## Aim of the exercise
Once you find the line with "A CONTEMPORARY MID", transcribe it and all the lines that follow to the end of the data, exactly as written; skip any pictures.

## Source material
■ ■ ■ ■ ■ ■ ■

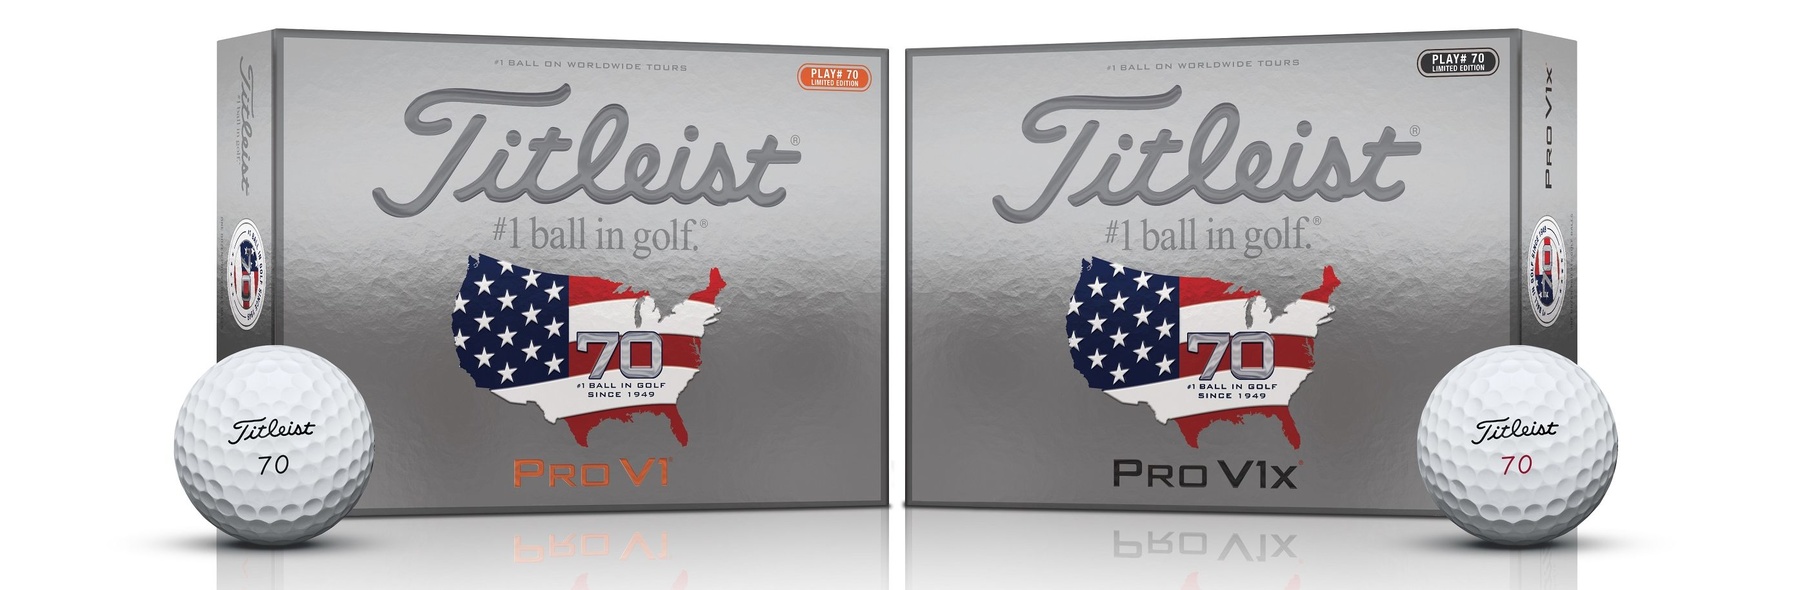 2018_US Open #70 Limited Edition Packaging (mr)
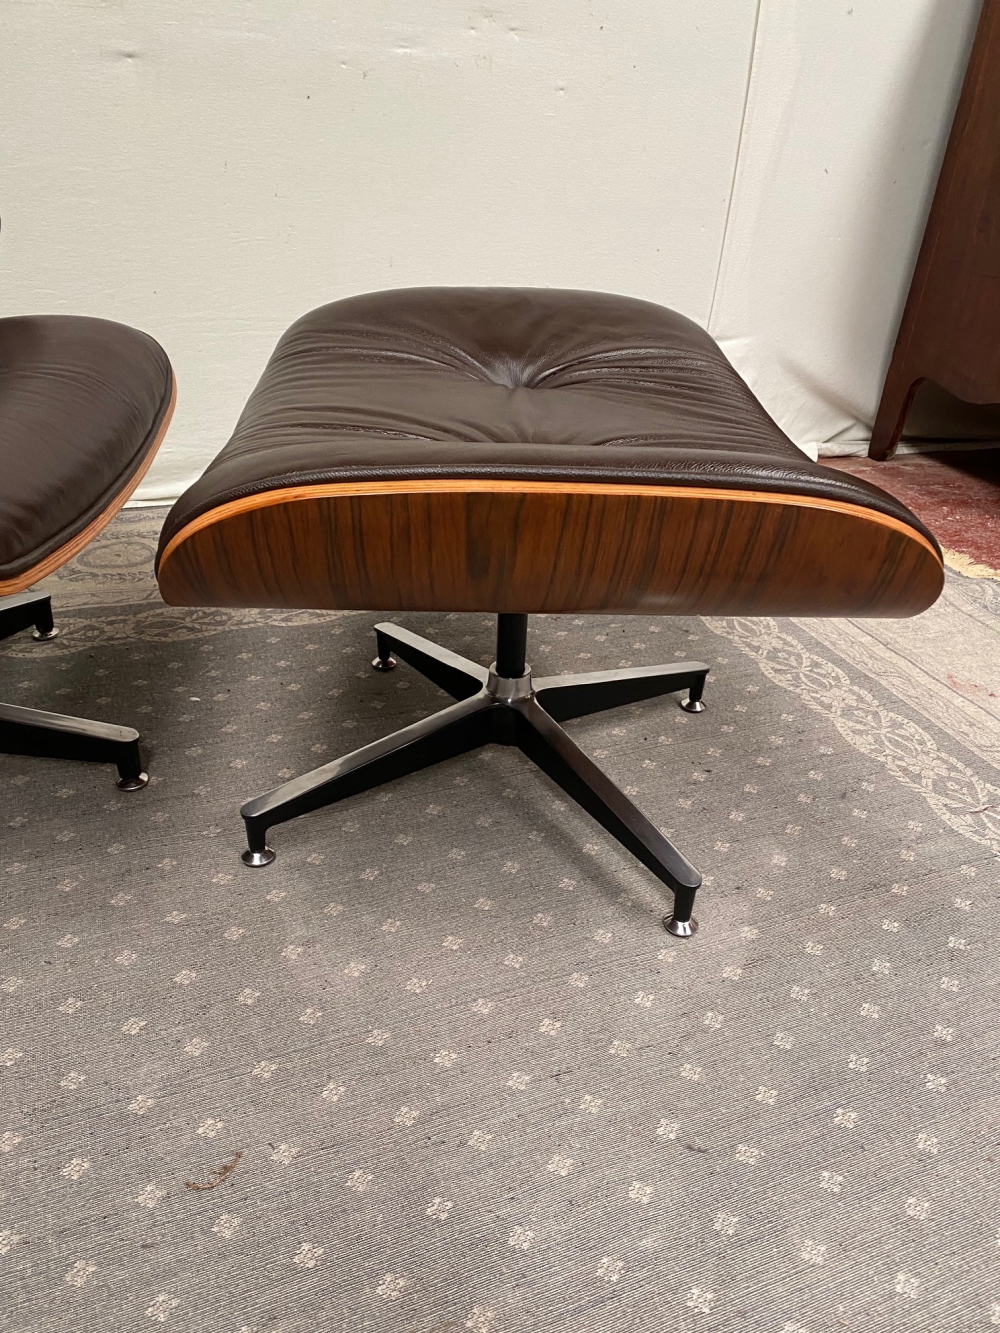 A CONTEMPORARY MID CENTURY MODERN STYLE LEATHER RECLINER CHAIR WITH FOOT STOOL, with rosewood frame - Image 3 of 6
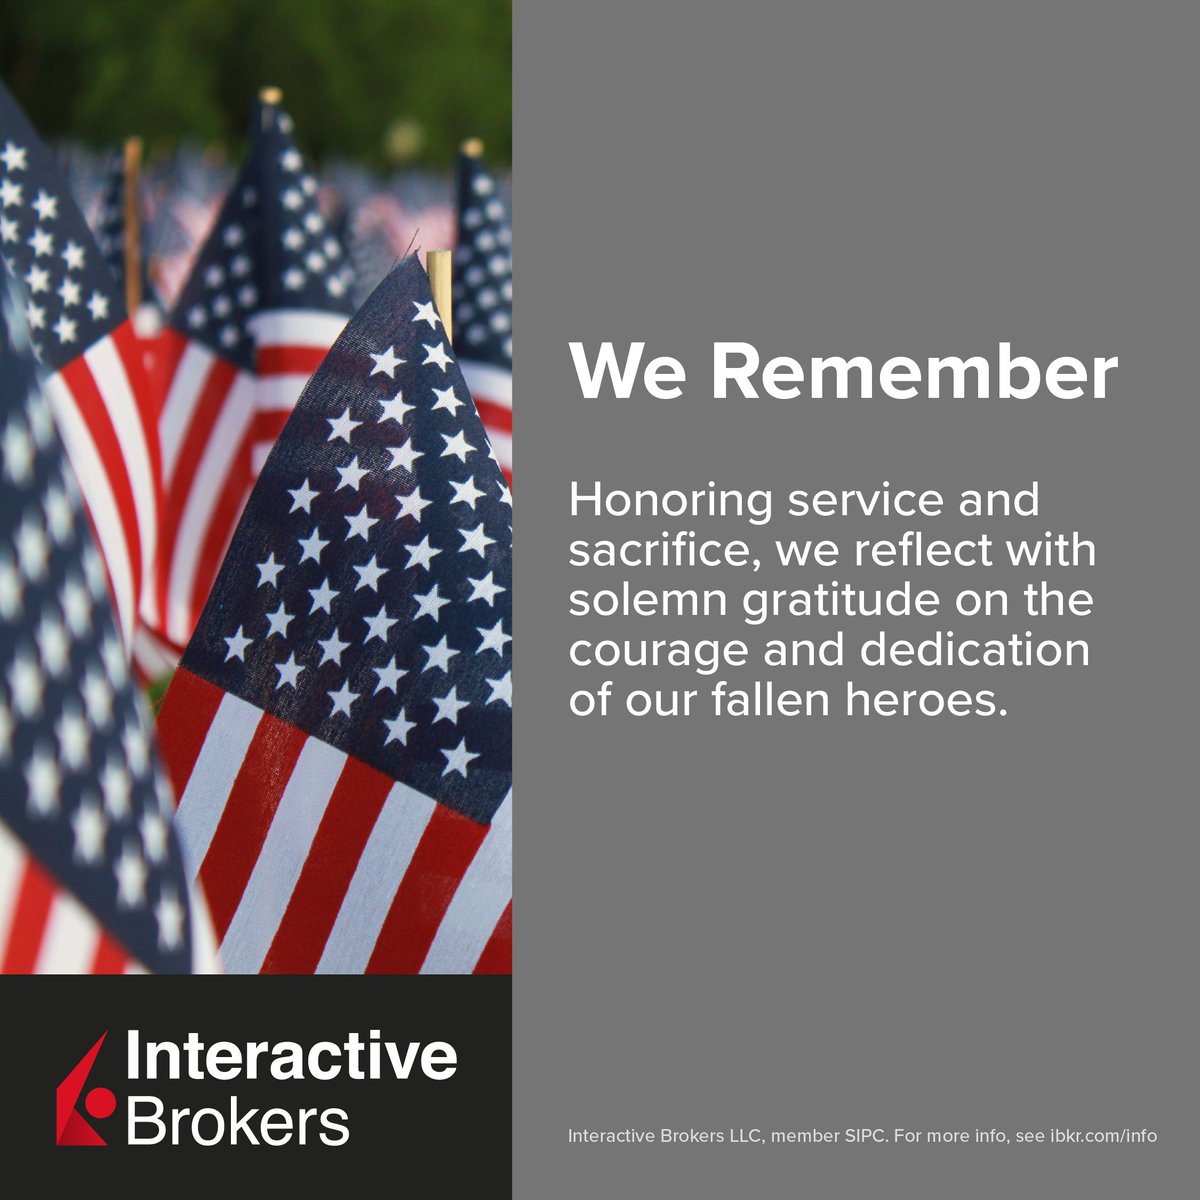 We reflect with solemn gratitude this Memorial Day 🇺🇸 In observance of this important day, US markets will remain closed on Monday, May 27.

■ ■ ■ ■ ■ ■ ■

## Exercise solution
 A CONTEMPORARY MID CENTURY MODERN STYLE LEATHER RECLINER CHAIR WITH FOOT STOOL, with rosewood frame - Image 3 of 6
 We reflect with solemn gratitude this Memorial Day 🇺🇸 In observance of this important day, US markets will remain closed on Monday, May 27.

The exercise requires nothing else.